Can you report the answer with:

  1. the forms as in your code above, and
  2. a modified version in which you try to add a zero * inner(trial, test) * dx to every diagonal element in the jacobian, where zero = dolfinx.fem.Constant(mesh, petsc4py.PETSc.ScalarType(0.0))

?

Hello Francesco, thanks for the quick answer !

I ran my scripts with your recommandations.
For 1., the assembly was not successful with the exact same malloc error, so it was not a problem on multiphenicsx.
For 2., the assembly went on successfully in parallel, so it appears this resolved the problem ! Here is the correction you suggested that did the trick:

trials = [du, dp, dlu, dxi, dvxi, dlxi, dxS, dvS, dpS]
tests = [v, q, mv, psi, vpsi, mpsi, txS, tvS, tpS]
zeroConstant = Constant(mesh, PETSc.ScalarType(0))
for i in range(len(Residual)):
    Jacobian[i][i]+= zeroConstant*inner(trials[i],tests[i])*dx

Is this something I am missing or a workaround to a known problem ?
Thanks a lot !

OK, good to know it is not a multiphenicsx issue.

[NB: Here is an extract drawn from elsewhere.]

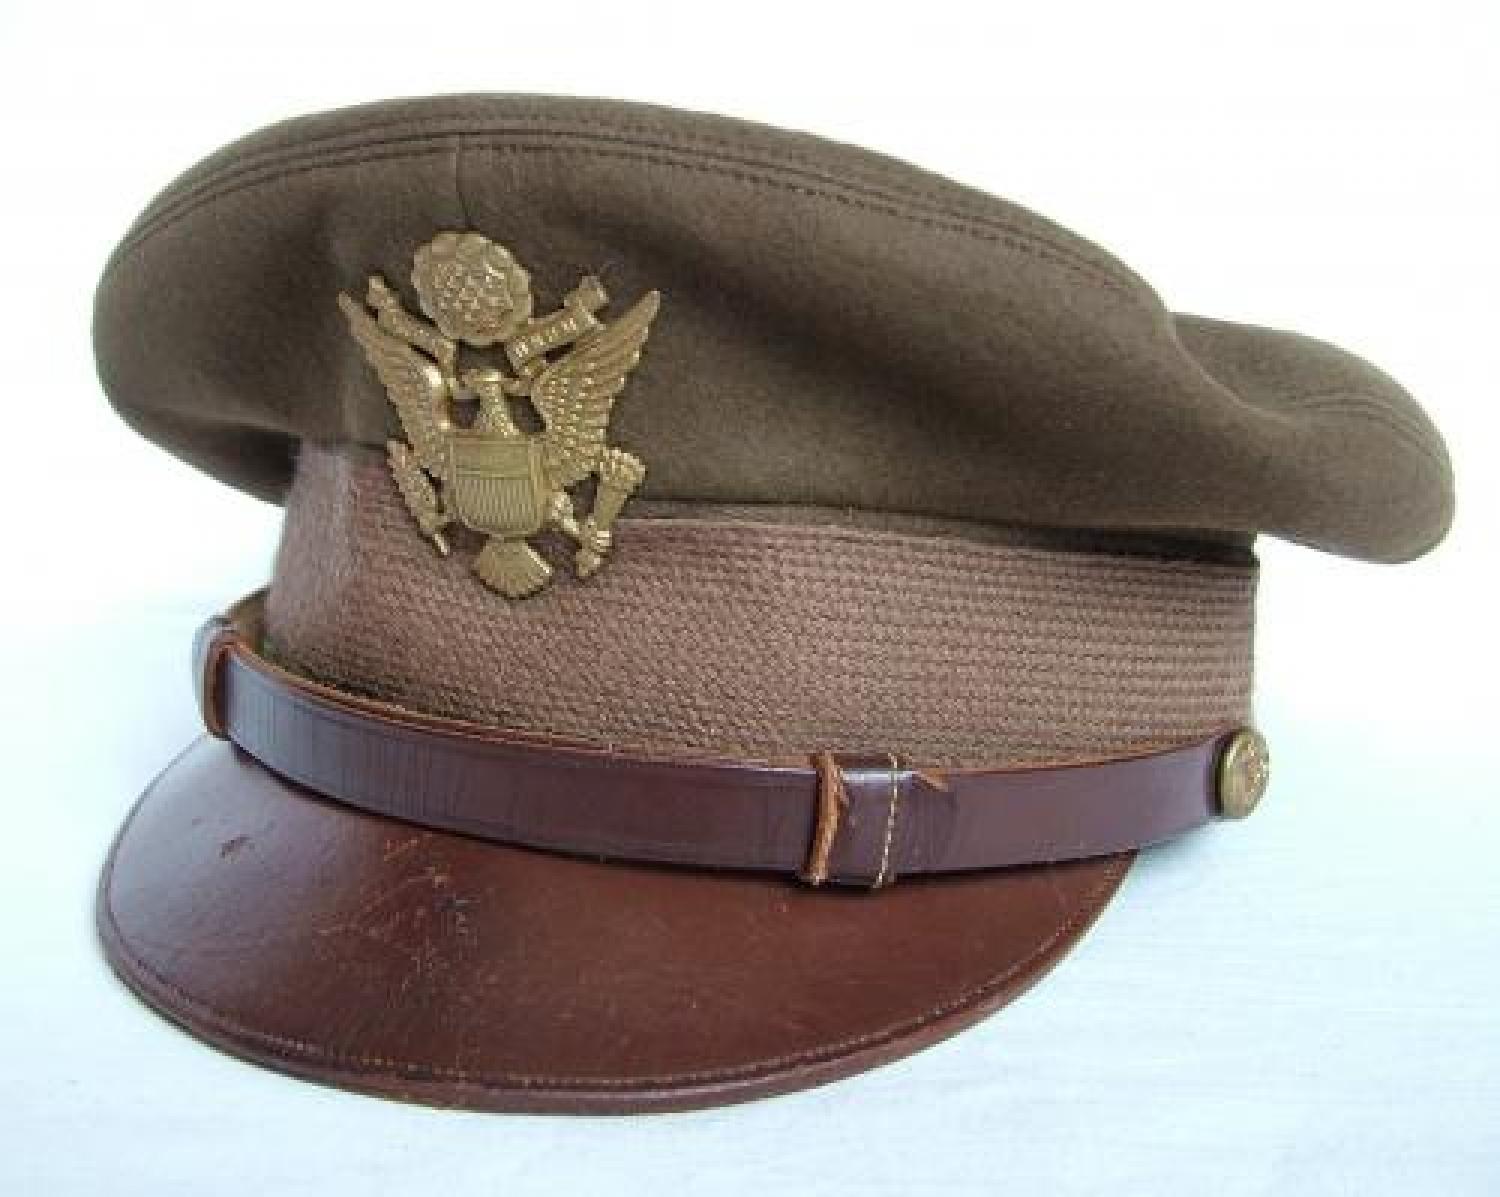 USAAF Officers' Visor Cap - English Made

You can easily understand where the error comes from if you simplify your problem to a Navier-Stokes only. Imagine that you are willing to assign Dirichlet boundary conditions on the pressure. Since the (pressure trial, pressure test) block is empty, enforcing the diagonal value will cause a malloc.
This case is handled by dolfinx with a runtime error

Your case is a bit more complicated, in the sense the diagonal form might be non-None, but only integrate on a narrow part of the domain (say, the diagonal form has an only an integral over the interface between solid and fluid, while the boundary conditions set the value of the fluid part which is far away from the interface).
I often use that trick in my tutorials, especially those in the folder 06_optimal_control. If you wish not allocate too many matrix entries you may create a subdomain of cells (call it subdomain 99) attached to the Dirichlet boundary, and use dx(99) in the workaround. I’d only do that if profiling reveals that allocating those entries is detrimental for the performance of the code.

1 Like

Thank you very much for taking the time to explain ! This makes more sense to me now.